» WORKING DATA:
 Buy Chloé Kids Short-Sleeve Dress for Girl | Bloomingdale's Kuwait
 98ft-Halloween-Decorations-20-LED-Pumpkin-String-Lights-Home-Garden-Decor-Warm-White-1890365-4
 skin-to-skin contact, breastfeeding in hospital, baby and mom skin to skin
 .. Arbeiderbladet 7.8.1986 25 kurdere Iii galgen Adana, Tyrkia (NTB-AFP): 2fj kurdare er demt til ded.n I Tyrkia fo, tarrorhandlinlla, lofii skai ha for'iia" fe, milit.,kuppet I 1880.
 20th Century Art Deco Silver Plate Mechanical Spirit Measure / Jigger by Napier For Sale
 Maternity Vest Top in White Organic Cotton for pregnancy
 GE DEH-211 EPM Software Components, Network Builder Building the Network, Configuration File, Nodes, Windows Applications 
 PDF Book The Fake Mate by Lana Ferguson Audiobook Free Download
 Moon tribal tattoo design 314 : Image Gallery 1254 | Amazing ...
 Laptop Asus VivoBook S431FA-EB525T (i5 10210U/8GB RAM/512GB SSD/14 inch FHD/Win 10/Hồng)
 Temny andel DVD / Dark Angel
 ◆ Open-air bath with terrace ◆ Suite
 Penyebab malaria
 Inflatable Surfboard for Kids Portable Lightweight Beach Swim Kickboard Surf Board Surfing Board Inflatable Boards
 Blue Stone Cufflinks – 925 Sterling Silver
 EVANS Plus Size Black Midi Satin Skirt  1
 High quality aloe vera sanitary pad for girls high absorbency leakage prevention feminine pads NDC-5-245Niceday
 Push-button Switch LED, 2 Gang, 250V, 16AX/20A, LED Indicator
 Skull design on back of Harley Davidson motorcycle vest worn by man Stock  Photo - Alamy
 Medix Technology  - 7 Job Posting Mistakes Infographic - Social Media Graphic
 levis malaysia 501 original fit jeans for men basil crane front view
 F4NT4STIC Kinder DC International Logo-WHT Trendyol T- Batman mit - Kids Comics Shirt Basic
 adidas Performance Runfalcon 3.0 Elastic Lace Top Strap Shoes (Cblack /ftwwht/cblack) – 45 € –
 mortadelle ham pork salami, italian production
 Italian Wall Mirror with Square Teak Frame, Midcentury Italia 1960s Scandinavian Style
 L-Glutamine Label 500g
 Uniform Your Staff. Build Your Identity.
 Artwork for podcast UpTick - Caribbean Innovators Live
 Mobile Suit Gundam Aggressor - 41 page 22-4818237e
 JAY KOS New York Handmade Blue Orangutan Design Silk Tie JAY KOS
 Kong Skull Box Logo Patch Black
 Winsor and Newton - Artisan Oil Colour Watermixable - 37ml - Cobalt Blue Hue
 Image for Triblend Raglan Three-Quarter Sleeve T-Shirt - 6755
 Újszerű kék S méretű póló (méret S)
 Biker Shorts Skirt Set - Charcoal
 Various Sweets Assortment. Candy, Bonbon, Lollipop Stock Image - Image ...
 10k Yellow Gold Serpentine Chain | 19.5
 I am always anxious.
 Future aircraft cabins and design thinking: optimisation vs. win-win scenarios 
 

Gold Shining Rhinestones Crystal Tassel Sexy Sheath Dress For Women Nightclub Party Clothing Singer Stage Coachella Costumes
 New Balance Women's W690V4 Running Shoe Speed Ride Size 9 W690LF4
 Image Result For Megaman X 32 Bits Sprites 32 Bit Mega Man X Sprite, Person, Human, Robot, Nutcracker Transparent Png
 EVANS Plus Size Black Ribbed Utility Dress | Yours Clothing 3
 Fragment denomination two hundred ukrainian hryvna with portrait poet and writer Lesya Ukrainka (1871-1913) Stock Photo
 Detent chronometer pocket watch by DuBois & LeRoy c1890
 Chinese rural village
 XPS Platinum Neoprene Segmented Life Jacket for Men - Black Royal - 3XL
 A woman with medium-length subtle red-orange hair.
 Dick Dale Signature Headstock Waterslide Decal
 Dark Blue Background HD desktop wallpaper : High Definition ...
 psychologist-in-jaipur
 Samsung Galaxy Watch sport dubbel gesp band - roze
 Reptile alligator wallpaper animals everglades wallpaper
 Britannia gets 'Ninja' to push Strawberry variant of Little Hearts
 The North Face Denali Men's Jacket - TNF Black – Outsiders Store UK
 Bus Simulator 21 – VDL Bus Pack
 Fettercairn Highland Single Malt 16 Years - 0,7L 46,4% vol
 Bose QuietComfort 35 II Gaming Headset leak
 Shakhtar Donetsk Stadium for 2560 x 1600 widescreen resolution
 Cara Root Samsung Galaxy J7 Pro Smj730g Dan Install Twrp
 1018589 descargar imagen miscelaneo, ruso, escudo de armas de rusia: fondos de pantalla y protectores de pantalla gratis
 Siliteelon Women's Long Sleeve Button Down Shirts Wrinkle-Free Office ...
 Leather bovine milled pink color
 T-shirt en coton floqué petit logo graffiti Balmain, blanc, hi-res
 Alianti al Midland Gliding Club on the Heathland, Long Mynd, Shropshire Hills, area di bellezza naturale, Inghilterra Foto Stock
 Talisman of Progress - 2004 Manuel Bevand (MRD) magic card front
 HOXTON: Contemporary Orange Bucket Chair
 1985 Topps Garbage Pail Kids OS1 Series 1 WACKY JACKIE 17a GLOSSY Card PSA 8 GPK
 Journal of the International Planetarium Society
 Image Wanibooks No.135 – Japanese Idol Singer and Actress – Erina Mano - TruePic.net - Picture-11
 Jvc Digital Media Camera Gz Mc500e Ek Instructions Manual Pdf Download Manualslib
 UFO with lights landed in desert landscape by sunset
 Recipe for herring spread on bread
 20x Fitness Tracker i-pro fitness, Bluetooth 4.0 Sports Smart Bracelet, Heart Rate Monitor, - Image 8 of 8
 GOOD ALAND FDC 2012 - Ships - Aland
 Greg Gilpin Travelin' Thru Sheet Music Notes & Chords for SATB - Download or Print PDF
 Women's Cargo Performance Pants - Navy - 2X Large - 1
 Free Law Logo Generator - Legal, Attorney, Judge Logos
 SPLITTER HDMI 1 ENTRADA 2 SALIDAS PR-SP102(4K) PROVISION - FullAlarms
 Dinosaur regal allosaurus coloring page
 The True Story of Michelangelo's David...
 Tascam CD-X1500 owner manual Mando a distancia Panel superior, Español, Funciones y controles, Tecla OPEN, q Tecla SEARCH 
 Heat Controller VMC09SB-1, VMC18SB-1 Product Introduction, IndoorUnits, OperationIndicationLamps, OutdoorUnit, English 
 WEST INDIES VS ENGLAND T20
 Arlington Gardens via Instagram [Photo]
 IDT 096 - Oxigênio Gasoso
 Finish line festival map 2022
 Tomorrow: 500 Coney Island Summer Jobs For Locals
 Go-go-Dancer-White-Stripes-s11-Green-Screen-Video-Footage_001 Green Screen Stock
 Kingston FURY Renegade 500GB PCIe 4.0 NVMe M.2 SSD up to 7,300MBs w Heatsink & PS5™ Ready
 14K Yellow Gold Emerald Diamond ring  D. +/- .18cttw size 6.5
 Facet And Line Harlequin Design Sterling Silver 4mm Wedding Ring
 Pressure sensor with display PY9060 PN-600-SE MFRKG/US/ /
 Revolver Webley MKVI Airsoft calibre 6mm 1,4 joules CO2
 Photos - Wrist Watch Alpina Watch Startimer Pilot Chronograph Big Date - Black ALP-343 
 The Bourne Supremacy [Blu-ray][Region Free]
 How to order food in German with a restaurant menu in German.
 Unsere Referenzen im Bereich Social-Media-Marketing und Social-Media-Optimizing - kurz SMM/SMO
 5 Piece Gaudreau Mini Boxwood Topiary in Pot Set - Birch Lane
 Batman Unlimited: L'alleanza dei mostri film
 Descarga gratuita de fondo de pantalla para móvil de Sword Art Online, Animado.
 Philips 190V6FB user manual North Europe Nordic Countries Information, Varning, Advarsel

» EXERCISE INSTRUCTIONS: All that should be written out is the stretch of lines above between the one holding "Tascam CD-X1500 owner" and the one holding "Unsere Referenzen im", inclusive, exactly as given.

» WRITTEN ANSWER:
 Tascam CD-X1500 owner manual Mando a distancia Panel superior, Español, Funciones y controles, Tecla OPEN, q Tecla SEARCH 
 Heat Controller VMC09SB-1, VMC18SB-1 Product Introduction, IndoorUnits, OperationIndicationLamps, OutdoorUnit, English 
 WEST INDIES VS ENGLAND T20
 Arlington Gardens via Instagram [Photo]
 IDT 096 - Oxigênio Gasoso
 Finish line festival map 2022
 Tomorrow: 500 Coney Island Summer Jobs For Locals
 Go-go-Dancer-White-Stripes-s11-Green-Screen-Video-Footage_001 Green Screen Stock
 Kingston FURY Renegade 500GB PCIe 4.0 NVMe M.2 SSD up to 7,300MBs w Heatsink & PS5™ Ready
 14K Yellow Gold Emerald Diamond ring  D. +/- .18cttw size 6.5
 Facet And Line Harlequin Design Sterling Silver 4mm Wedding Ring
 Pressure sensor with display PY9060 PN-600-SE MFRKG/US/ /
 Revolver Webley MKVI Airsoft calibre 6mm 1,4 joules CO2
 Photos - Wrist Watch Alpina Watch Startimer Pilot Chronograph Big Date - Black ALP-343 
 The Bourne Supremacy [Blu-ray][Region Free]
 How to order food in German with a restaurant menu in German.
 Unsere Referenzen im Bereich Social-Media-Marketing und Social-Media-Optimizing - kurz SMM/SMO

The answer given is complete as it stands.